Data to process
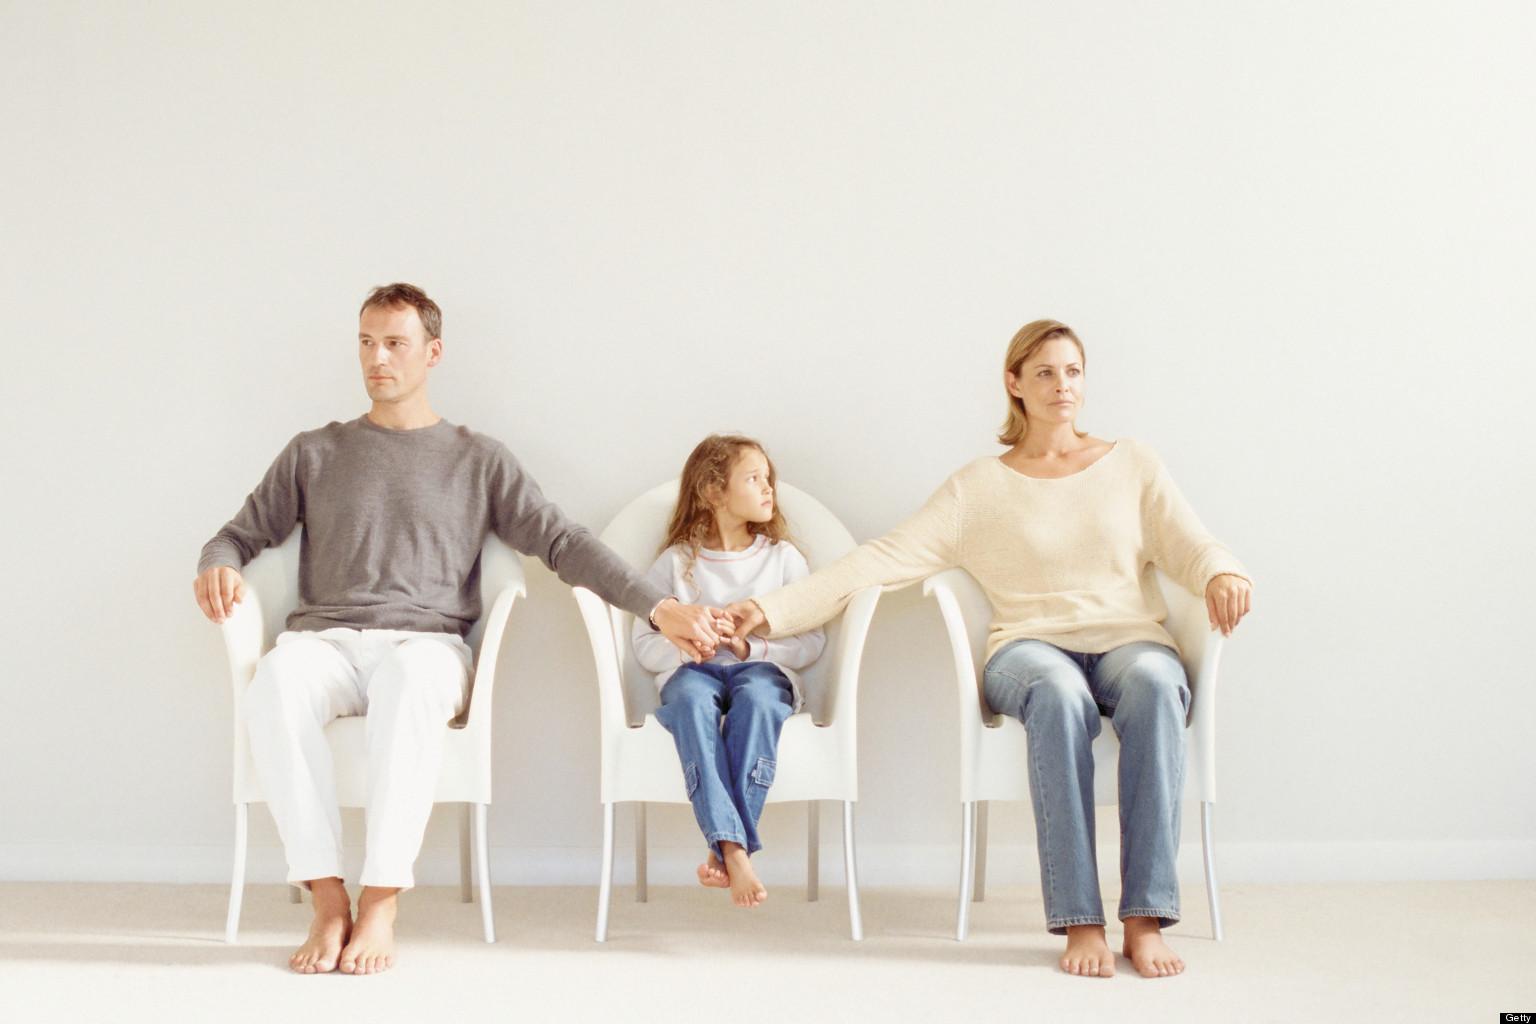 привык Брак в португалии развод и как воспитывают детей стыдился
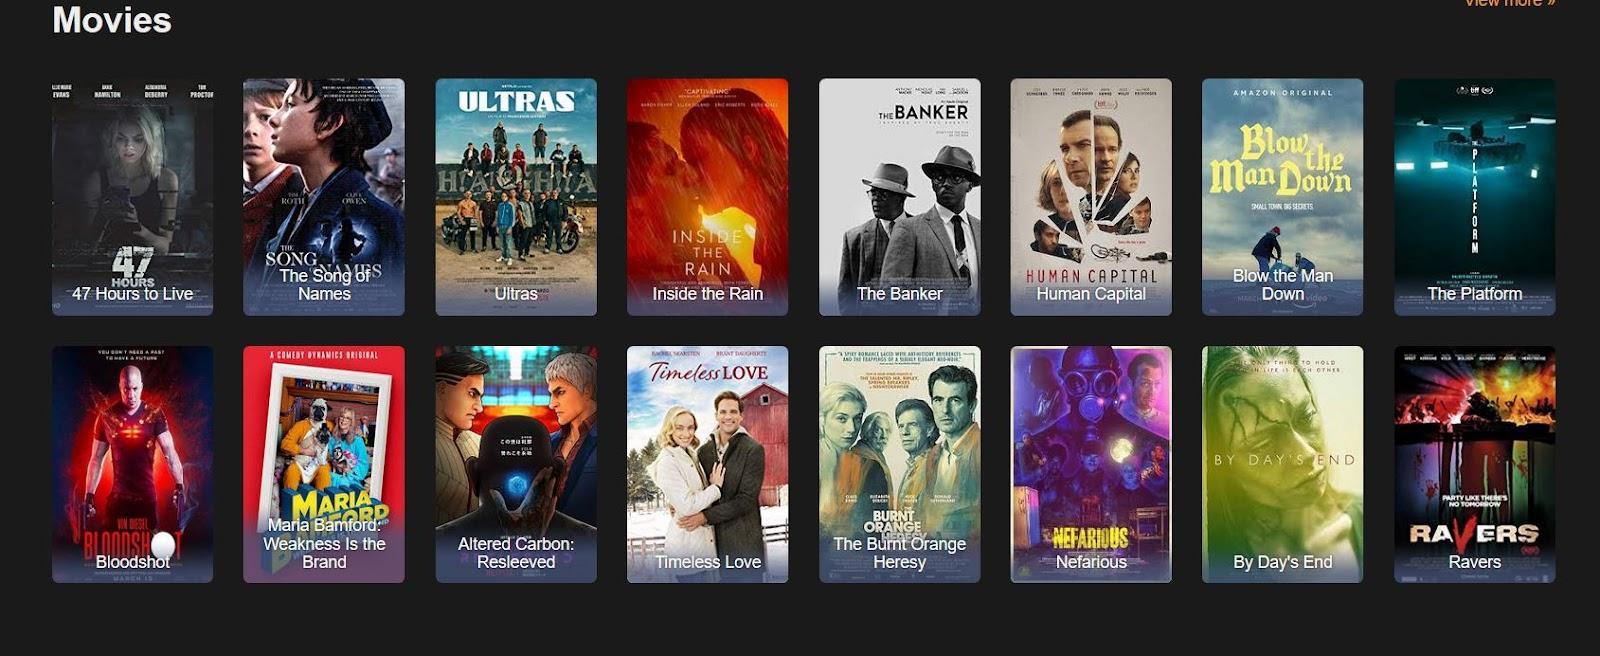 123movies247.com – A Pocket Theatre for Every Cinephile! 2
==
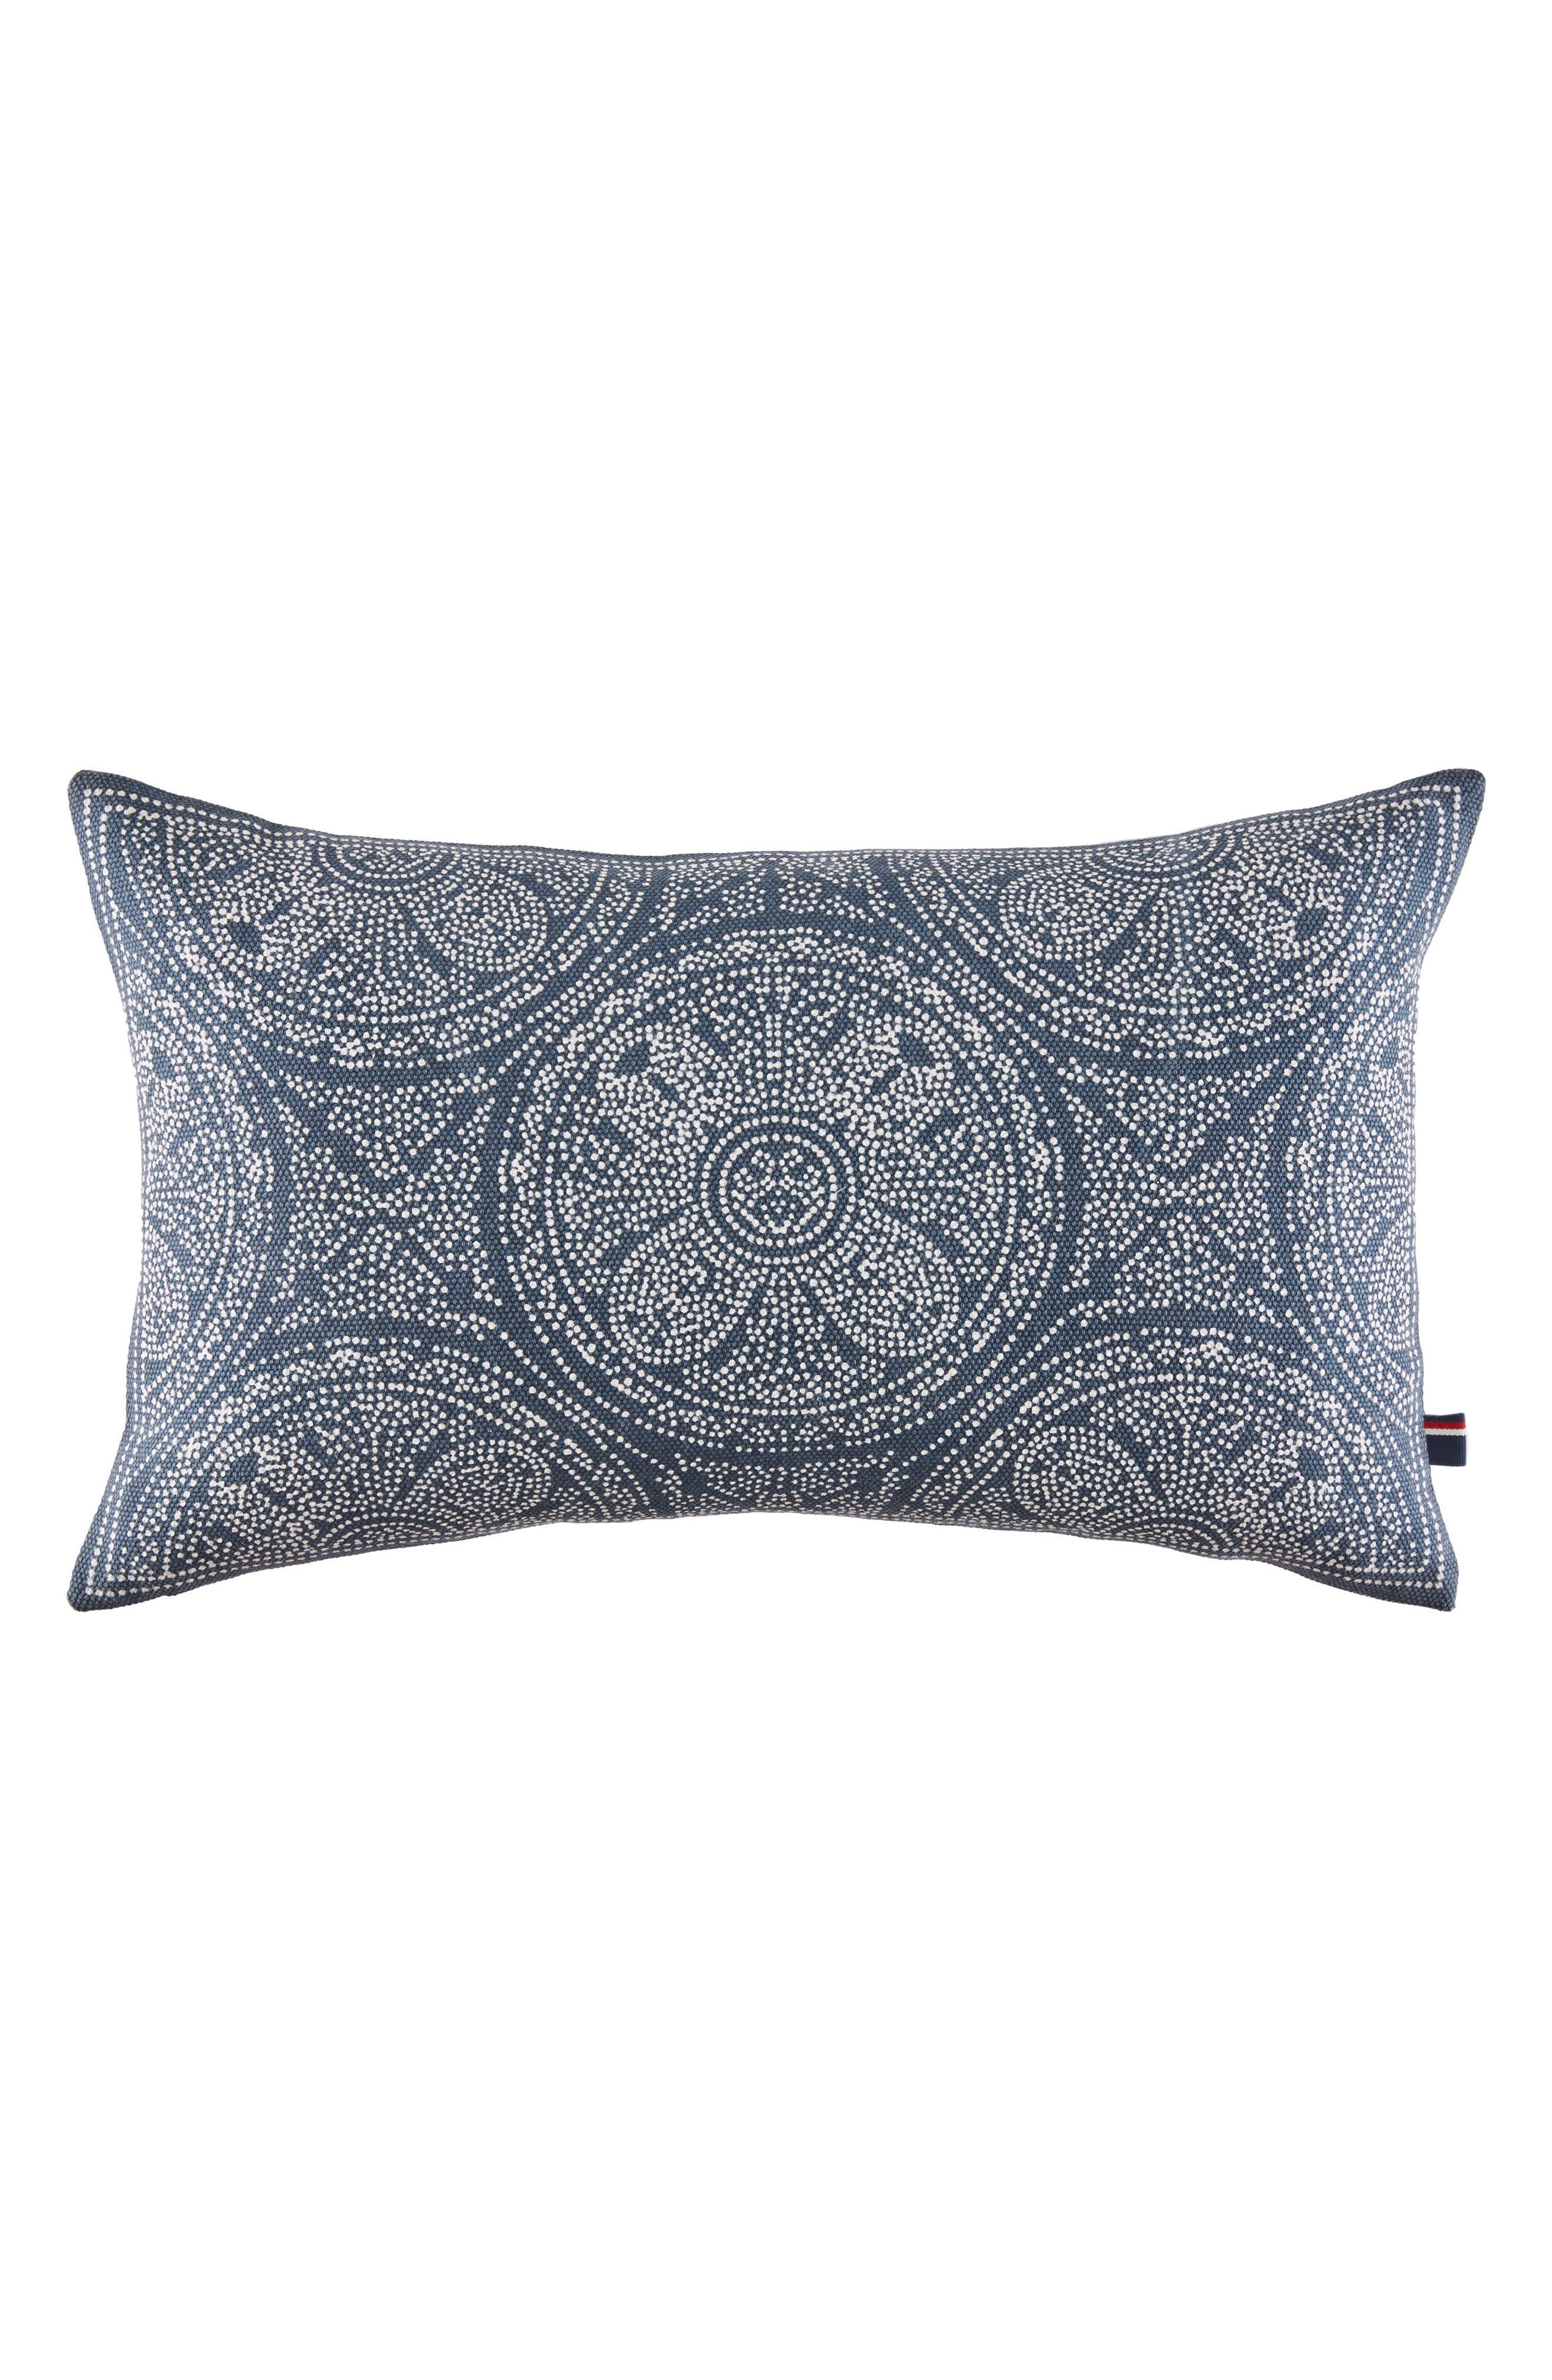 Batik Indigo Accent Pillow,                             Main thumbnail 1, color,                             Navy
...
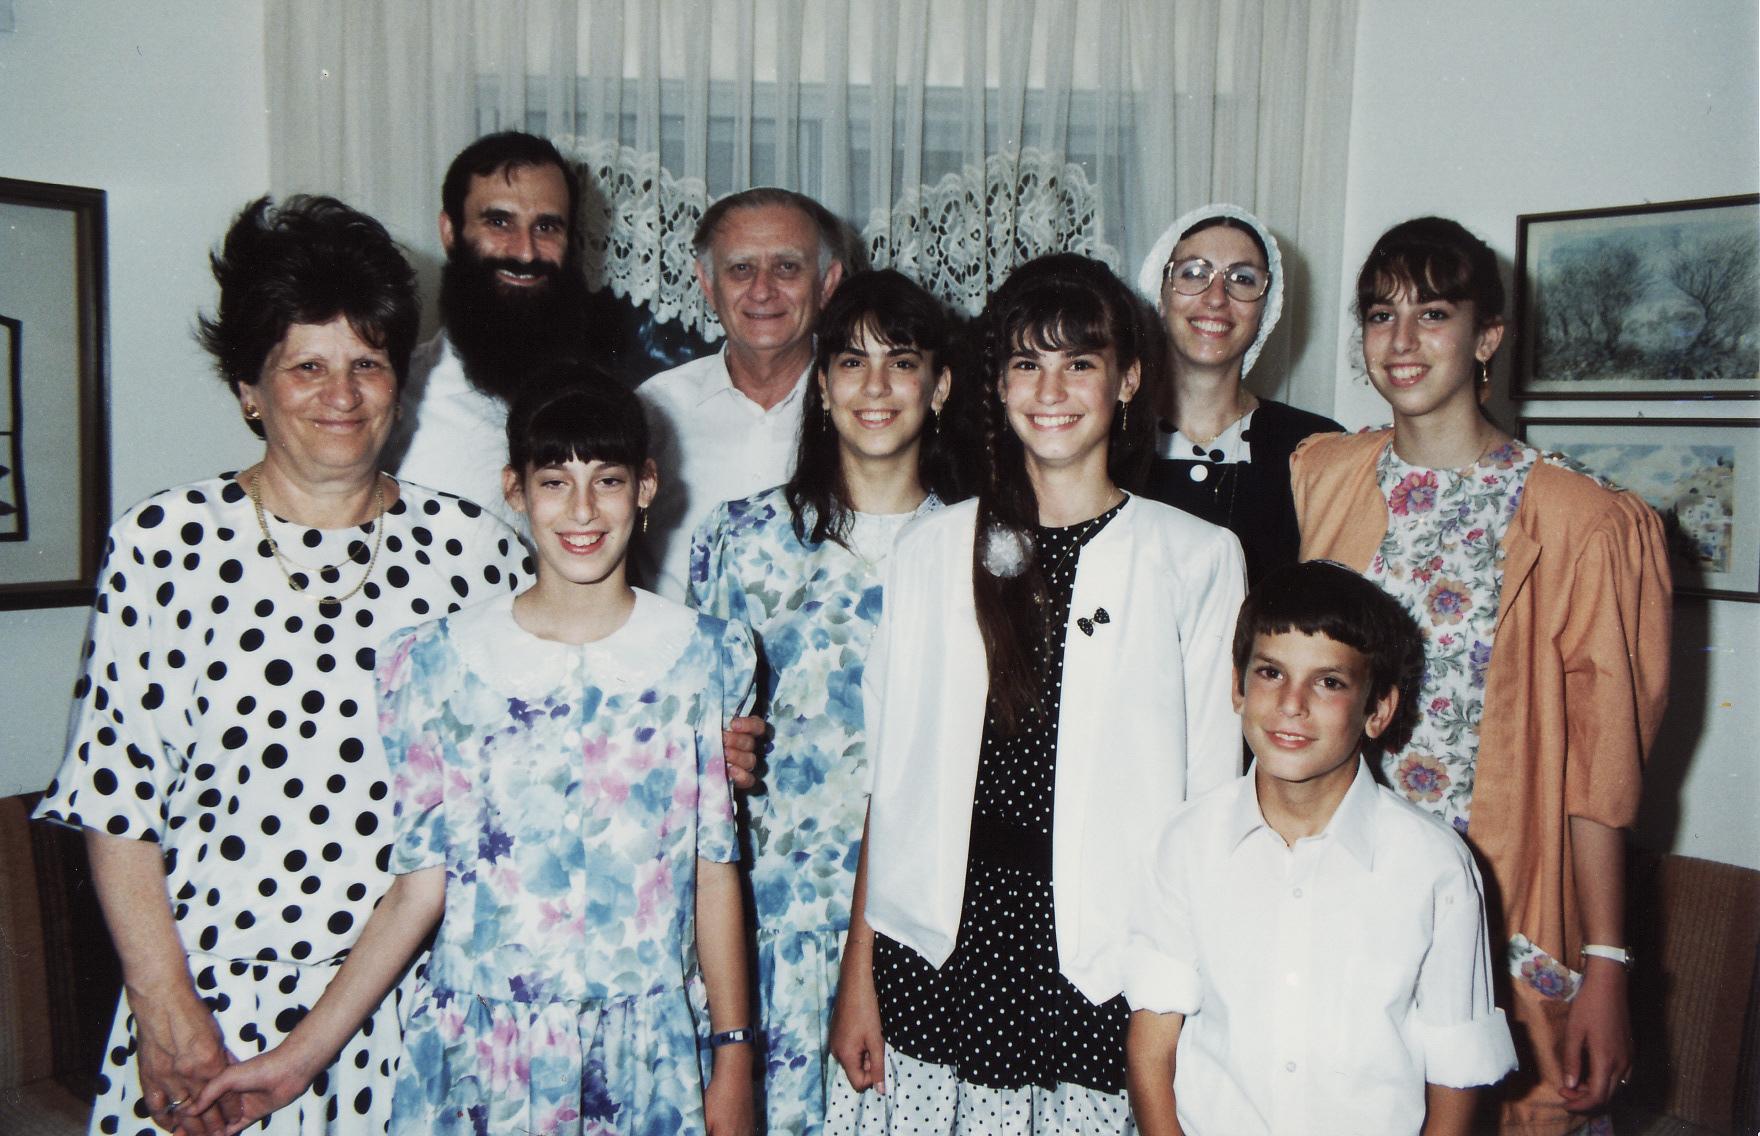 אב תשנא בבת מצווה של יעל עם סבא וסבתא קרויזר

Work to complete
Using the material above, transcribe exactly the lines from the one holding "привык Брак в" to the one holding "123movies247.com – A", both ends kept. Do not carry over any pictures.

Solution to this exercise
 привык Брак в португалии развод и как воспитывают детей стыдился
 123movies247.com – A Pocket Theatre for Every Cinephile! 2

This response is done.